ACTION ITEM | Give back each line of the data exactly as it reads, minus the pictures.

SOURCE DATA |
####################

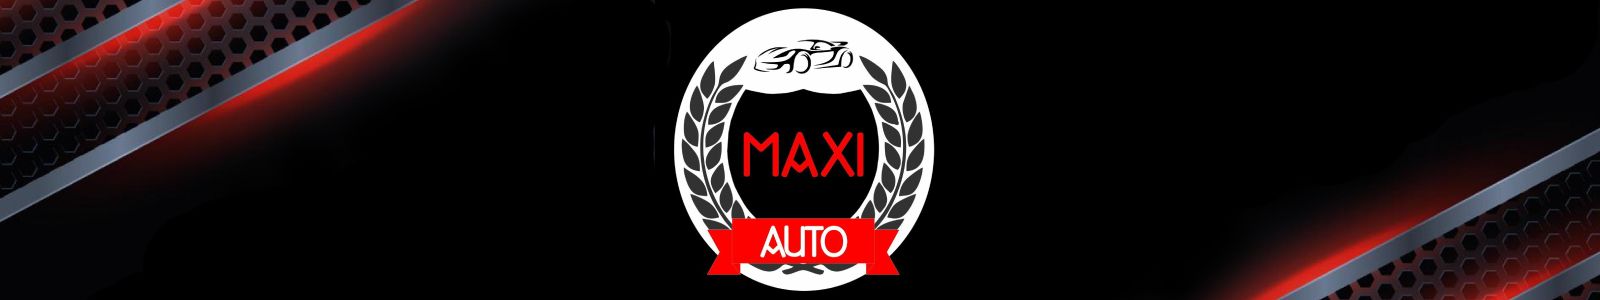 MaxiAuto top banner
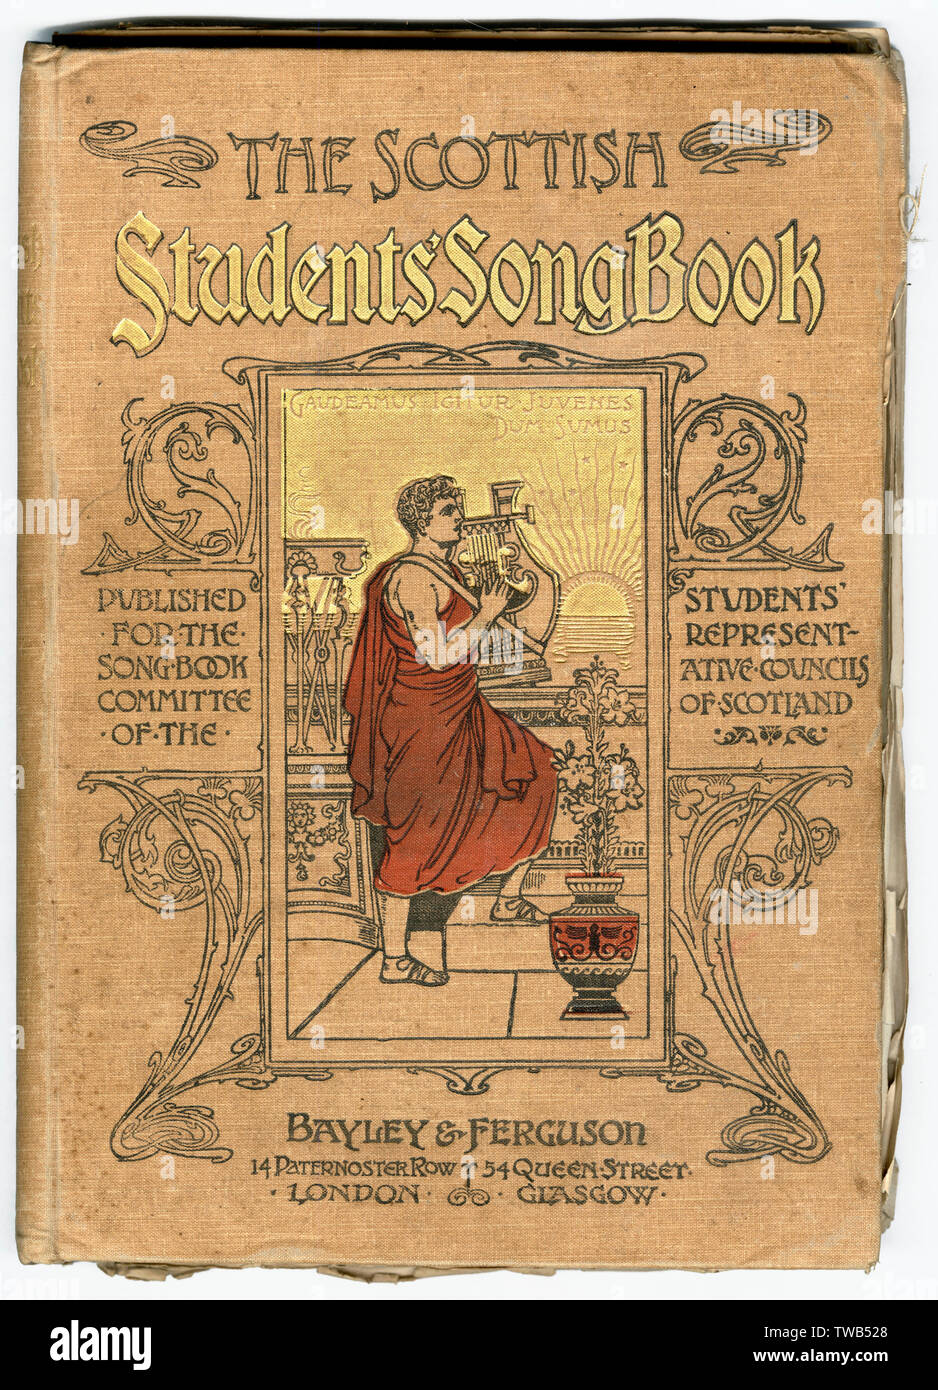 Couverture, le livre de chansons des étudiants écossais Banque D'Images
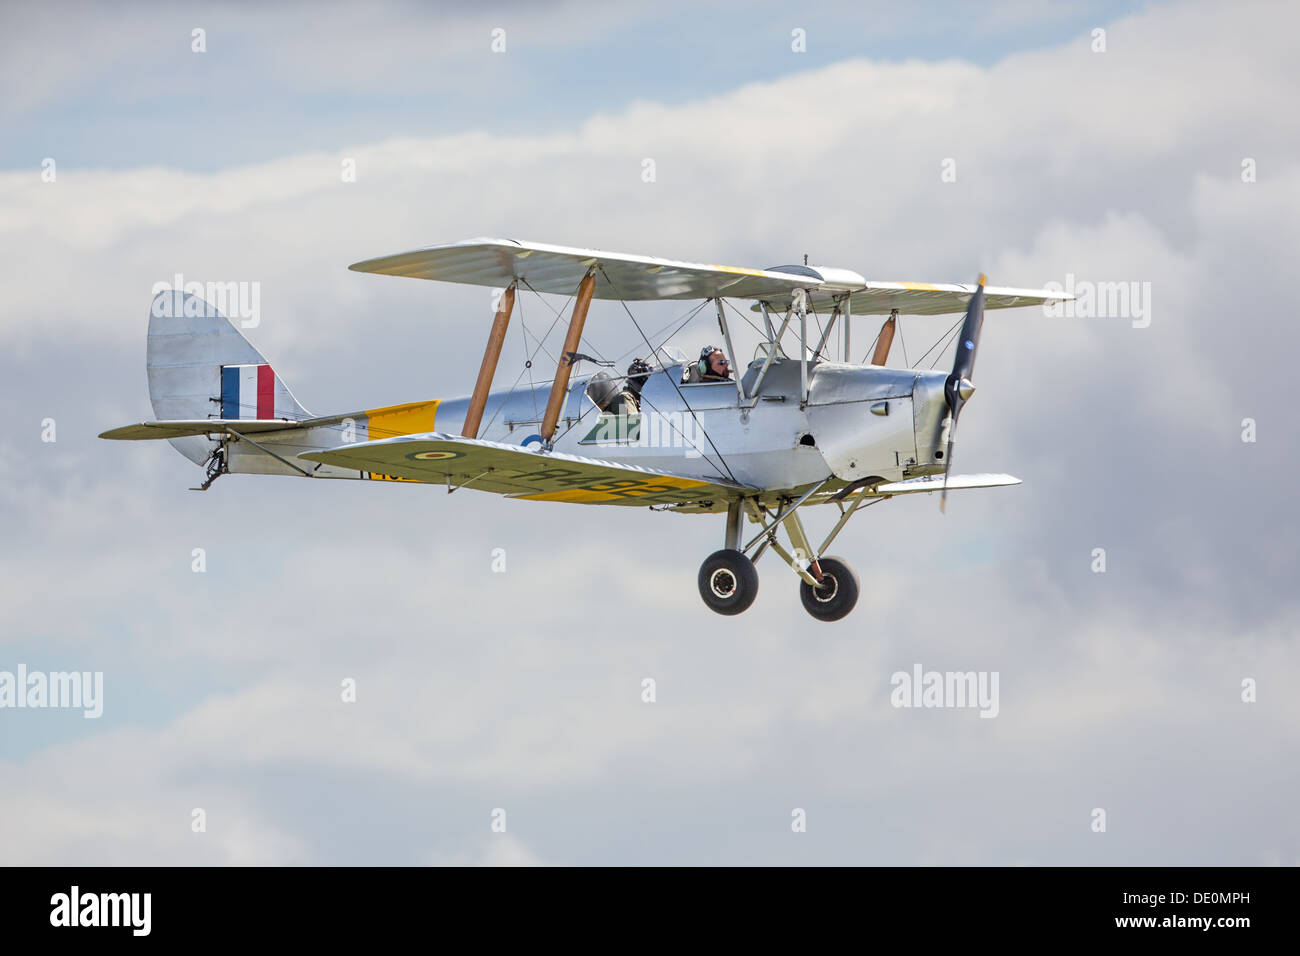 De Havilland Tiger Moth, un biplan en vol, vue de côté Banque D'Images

####################

ANSWER SPACE |
 MaxiAuto top banner
 Couverture, le livre de chansons des étudiants écossais Banque D'Images
 De Havilland Tiger Moth, un biplan en vol, vue de côté Banque D'Images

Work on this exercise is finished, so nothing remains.